I checked the time on my phone. “The hell took you so long? You were supposed to be interrogating her . . . not boning her.”
“I’m going to ignore that,” he said, taking a seat on the bed. “You want to know what she said? Or you just going to be a dick?”
“Go. Let’s hear it.” I leaned against the wall and ushered impatiently for him to continue.
“So she is the daughter of Primus Dominus, like I thought.”
“So I’m fucked.”
“Asher, you’re fucked in so many ways I can’t even keep count . . . and now I’m fucked too, because I put my life on the line for you.”
I nodded grimly. “What else?”
“So Dominus is going to be coming after you. Hard. Because you’re hunting his species, you tried to kill his portal master, and now you kidnapped his beloved daughter. Real smart, Asher. Real smart.”
“How was I supposed to know it was his daughter? What’s he doing sending his daughter up here, anyway?”
“They’re desperate, they need blood. Not a lot left who can navigate Earth . . . especially now that there are rumors humans have been destroying portals.”

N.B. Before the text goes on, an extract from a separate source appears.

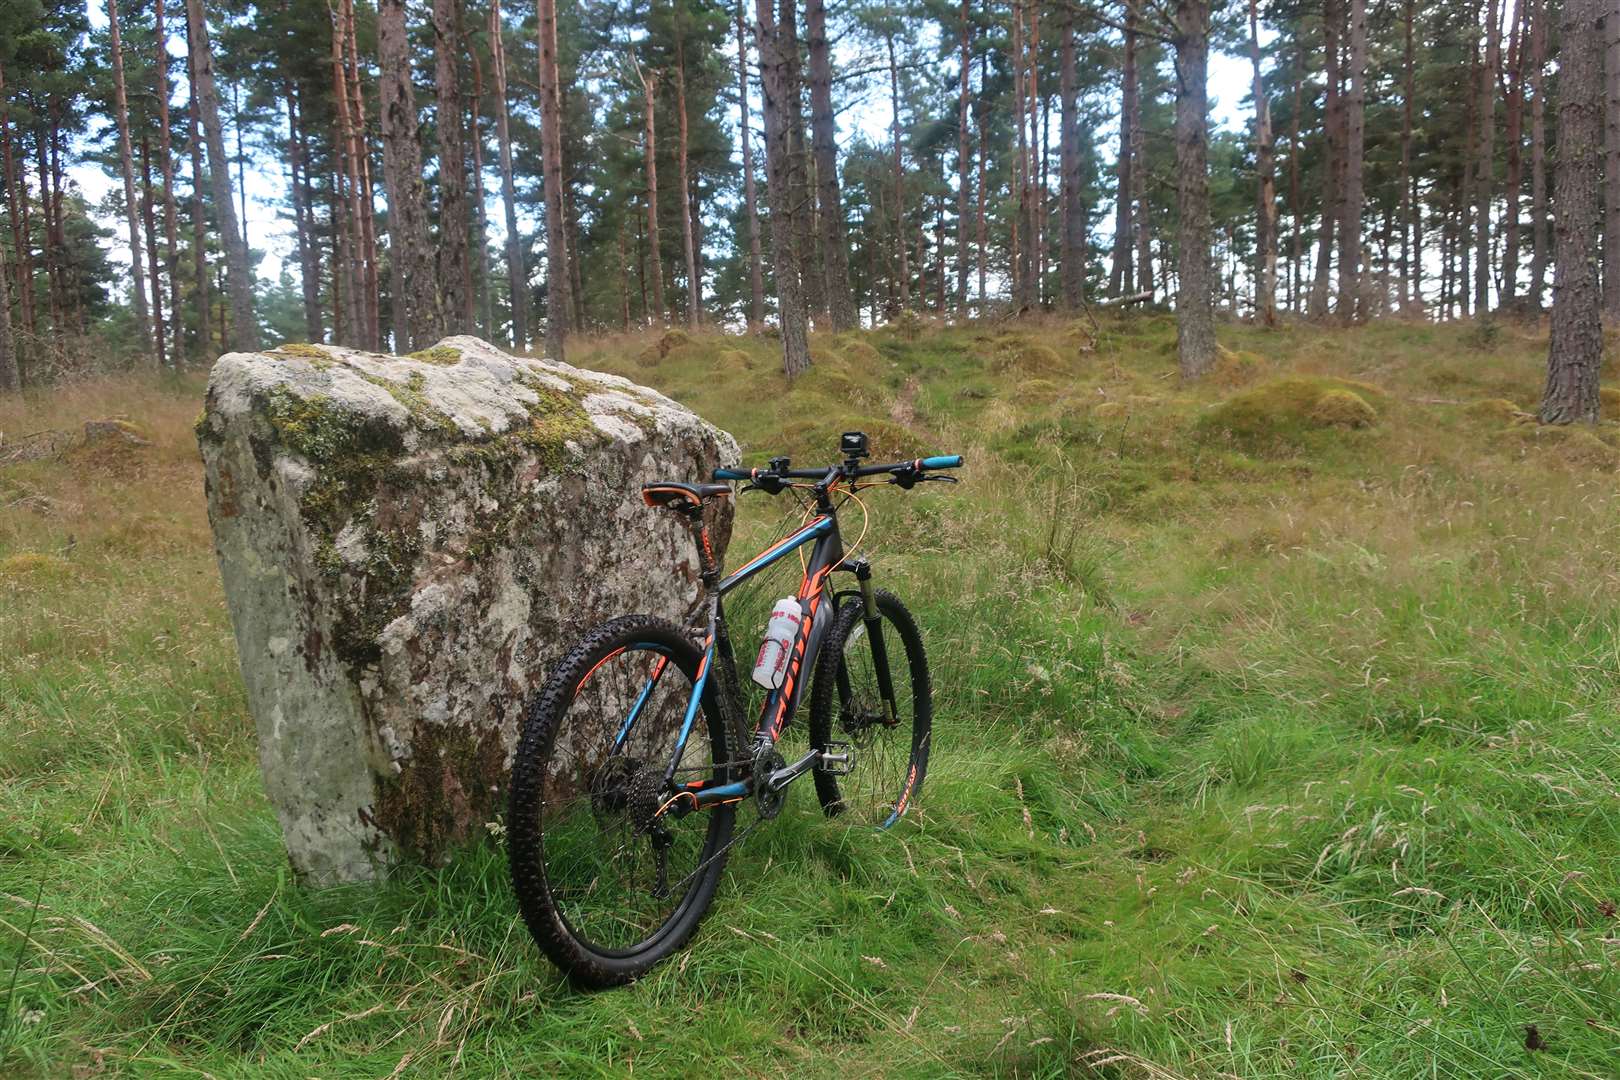 A standing stone beside the singletrack trail.

“Nine left,” I said. “I’m close.”
Brad peered at me. “You need to stop.”
“I can’t. You know that.”
“You’re committing a genocide. Let her go, she’s innocent.”
“No demon is innocent,” I said. “What happens when they build back up? Ten thousand demons . . . a million demons . . . a hundred million demons. We’d be right back in the Dark Ages. It’ll be ten thousand years before we get another shot like this, and by then maybe we’ll be extinct.”
“It’s supposed to be balanced,” Brad said, “our world and theirs. It’s been that way for centuries . . . for as long as there’s been civilization.”
“She tell you that? Them using us like cattle, you think that’s balanced?”
Brad sighed. “This isn’t about balance. This is about Nicole and Joy.”
My jaw tightened at the mention of my wife and daughter. “They hunt us.”
“You hunt them.”
“Forget it. I’m not talking about this with you. What about her healing ability? You get anything on that?”